:: WHAT THE EXERCISE ASKS ::
The whole listing below should be printed again exactly, with no images.

:: DATA BELOW ::
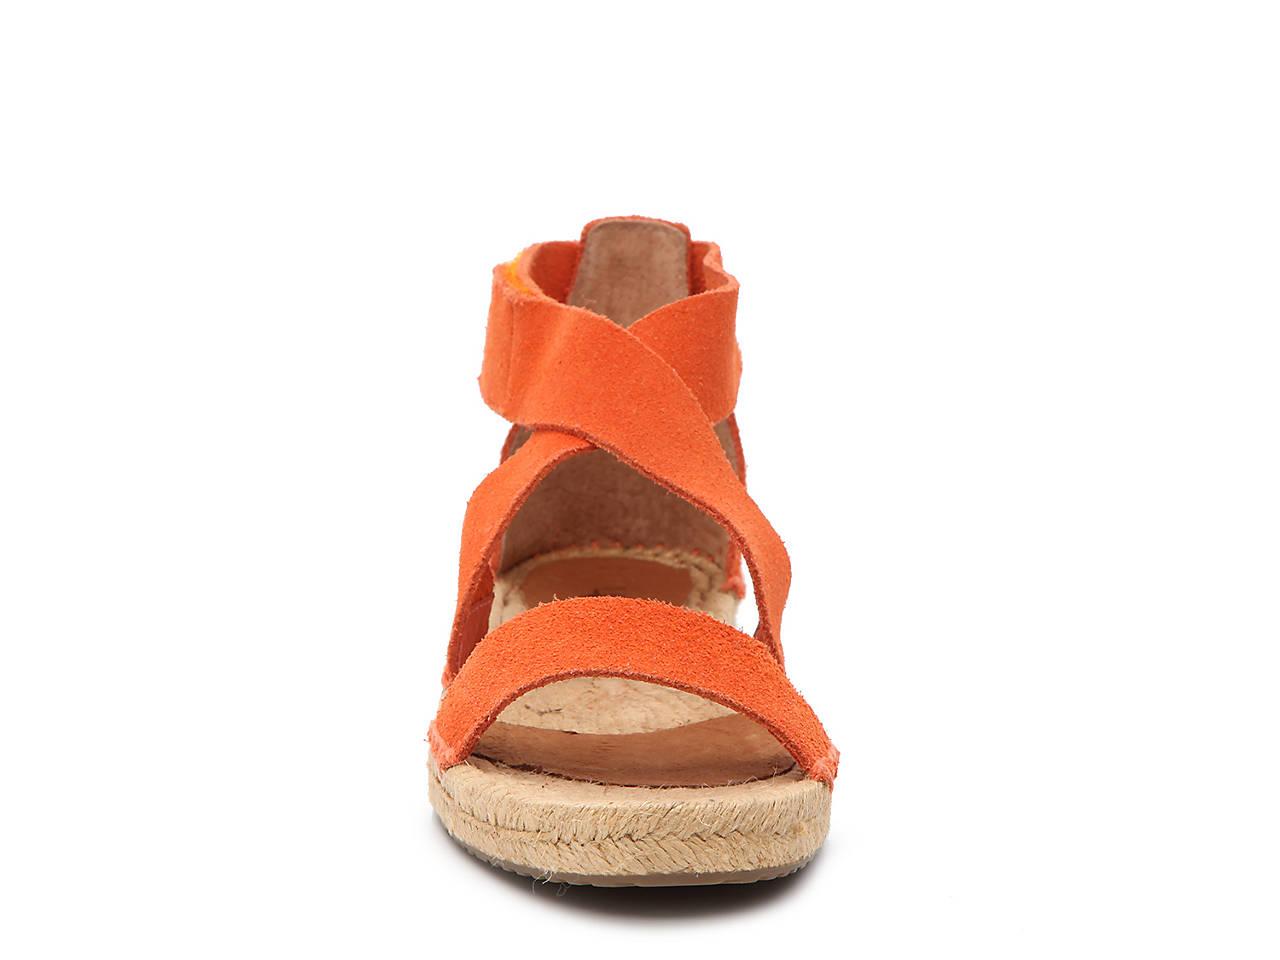 5d276ebbb91 UGG Mila Flat Sandal Women s Shoes
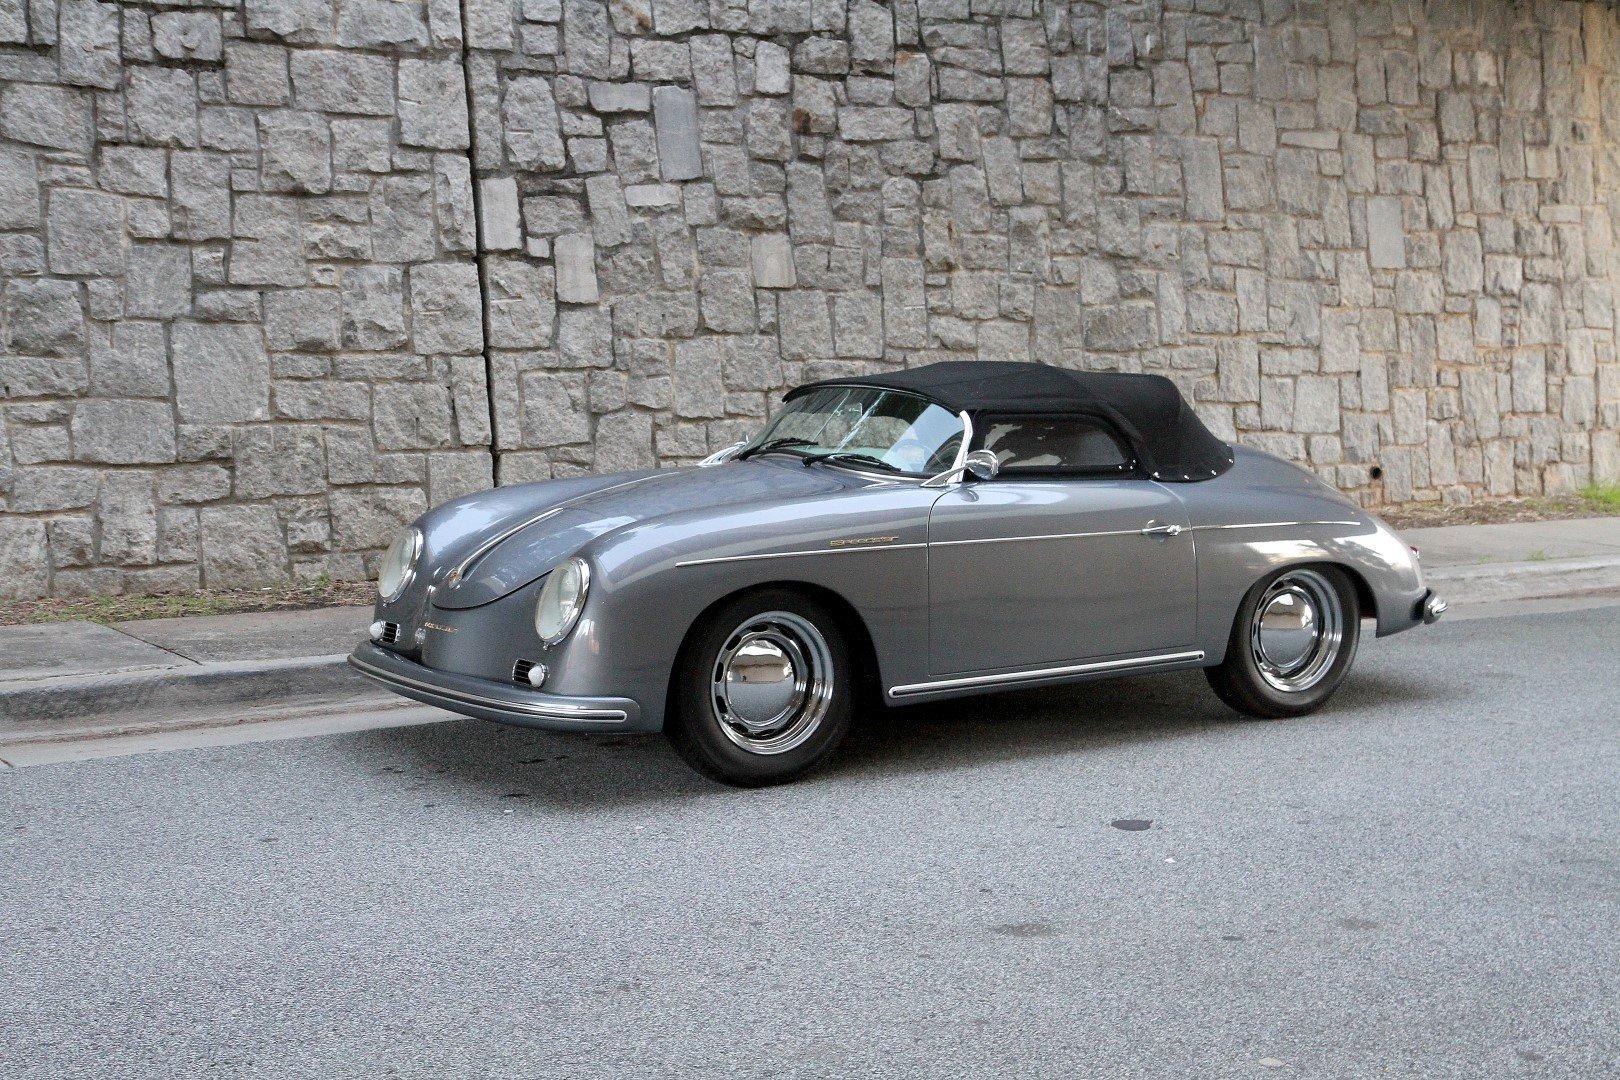 1957 Porsche 356 Speedster Replica for sale #36409 | Motorious
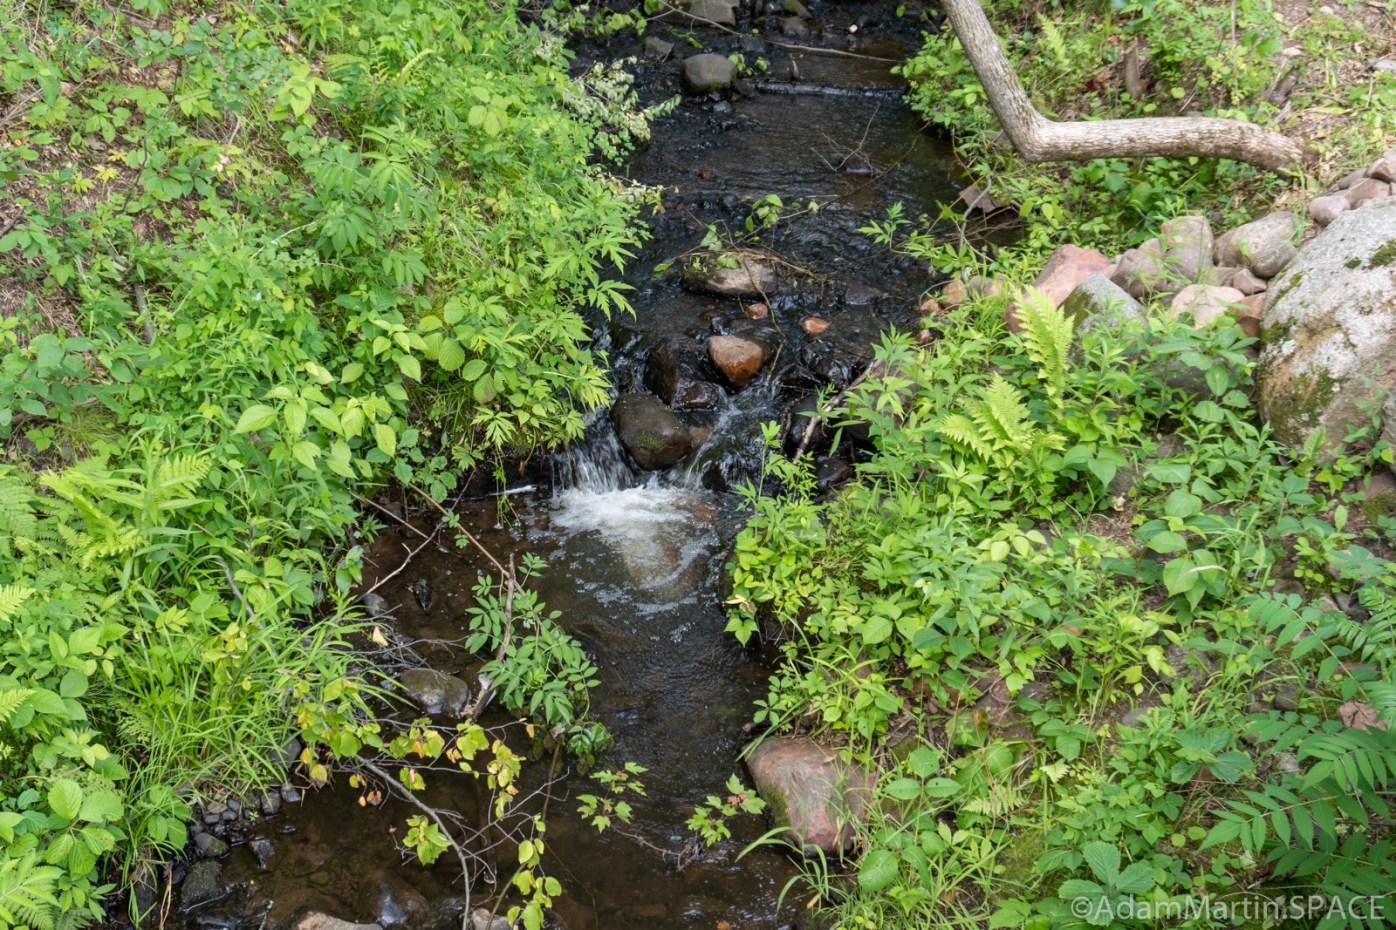 Lake Wissota Rapids - Tiny falls off the trailside

:: ANSWER BOX ::
 5d276ebbb91 UGG Mila Flat Sandal Women s Shoes
 1957 Porsche 356 Speedster Replica for sale #36409 | Motorious
 Lake Wissota Rapids - Tiny falls off the trailside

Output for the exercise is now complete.